When you read children’s literature you expect to smile at the quirky characters fumbling to figure out their growing independence. You might expect to cry as you watch characters face the pain of growing up.

You don’t expect to be confronted by current events like a refugee crisis—and inspired to imagine the kind of society we could be even in the face of terror and fear.

That’s what happened to me last week as I read several novels by Lois Lowry in preparation for her visit to the city where I live. Lowry, a two-time winner of the Newbery Medal and author of The Giver, spoke in Pittsburgh on Sunday and at my son’s elementary school the next morning. I wanted to be ready.

Many people have read The Giver. It is the first in a quartet of books, and it is the third—Messenger—that brought to mind the refugees streaming out of Syria and the rancorous, sometimes callous debates here about whether they should be allowed to come. Messenger reminded me what a flourishing society can look like when it welcomes the gifts of refugees without fear.

The book takes place in the future after an unnamed cataclysm. Communities, separated from one another, live in deep suffering. But there is one, simply called Village, that is known for its hospitality. Many of the residents of Village came from places with “cruel governments, harsh punishments, desperate poverty, or false comforts.”

In Village they found refuge, safety, love. They discovered that, broken as they were, they had gifts to offer others.

Matty, the main character, came to Village as an uneducated trickster and was welcomed, taught, and given a place where he could discover his own gifts. The people in Village are not rich, but they are richly blessed again and again by the presence of newcomers in their midst.

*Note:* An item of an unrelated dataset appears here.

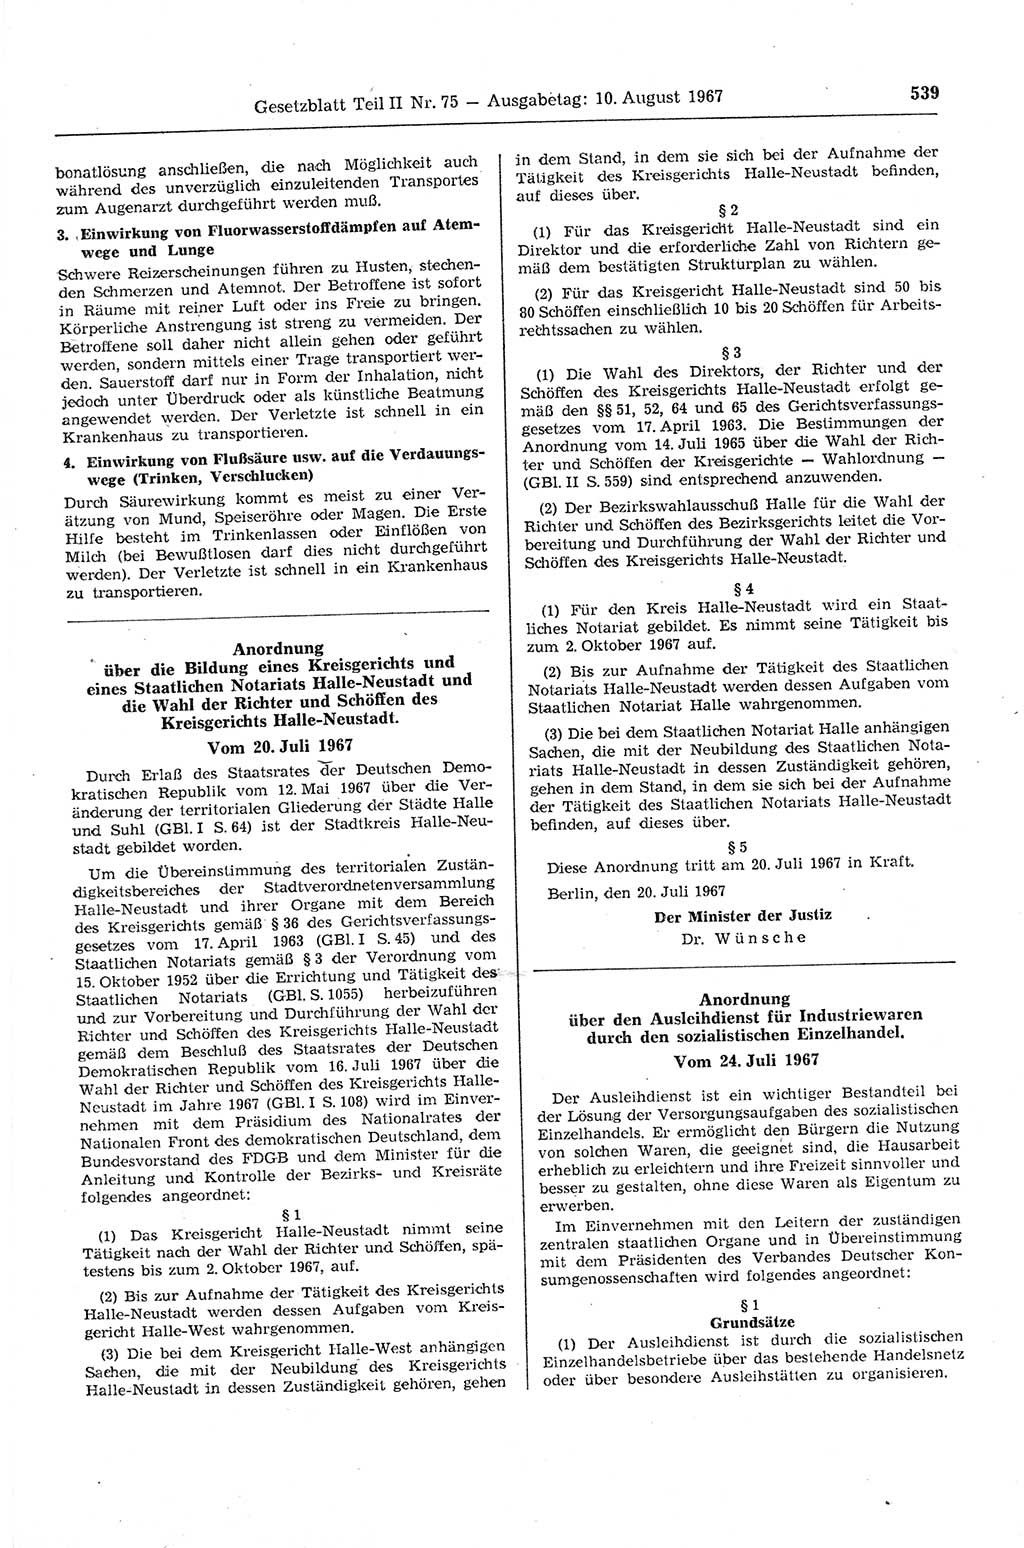 Gesetzblatt (GBl.) der Deutschen Demokratischen Republik (DDR) Teil ⅠⅠ 1967, Seite 539 (GBl. DDR ⅠⅠ 1967, S. 539)

But things begin to change. People begin to fear there won’t be enough if they keep letting refugees in. Not enough housing. Not enough food. Not enough room.

Matty’s guardian diagnoses the problem: “Selfishness, I guess. It’s creeping in.”

A law passes to close the borders. They begin to build a wall. Selfishness starts to win.

Messenger offers a picture of the stark alternative we face today: Will we be communities where the gifts of others—outsiders, refugees—find a place and where we flourish together? Or will we let fear and selfishness cut us off from these possibilities?

As I hear about governors refusing to let refugees into their states and of my representative in Washington voting to stop the resettlement of Syrian refugees, I can’t help now but think of a scene from this book: a few angry, frightened people, some former refugees themselves, stacking logs in the mud, waiting for the day the new law takes effect and they can build their wall.

I teach at Pittsburgh Theological Seminary, and earlier this month our president, David Esterline, sent a letter to the seminary community. He reminded us that our vision statement says we “seek to be a generous and hospitable community.” In the face of a refugee crisis, what does that mean?

It might mean, he suggested, we should consider using some of the vacant apartments the seminary owns to house “refugees and sojourners who may be coming through Pittsburgh.”

Has he been reading Lois Lowry? Probably not. He has been shaped by another refugee story and by the vision of another community called to welcome strangers, remembering that Christ himself had no place to lay his head.

But Lowry’s book is a story communities can gather around, with people from all religions and cultures, as they discern how to respond to fear and selfishness. It’s a book that can help us have difficult conversations with children, and to learn from them and receive their gifts.

It’s a book where we can spy, whether Lowry intended it or not, another way: the way of Christ, who welcomed us when we were aliens and strangers from God’s own village.

L. Roger Owens

L. Roger Owens teaches Christian spirituality and ministry at Pittsburgh Theological Seminary and is the author of Everyday Contemplative: The Way of Prayerful Living.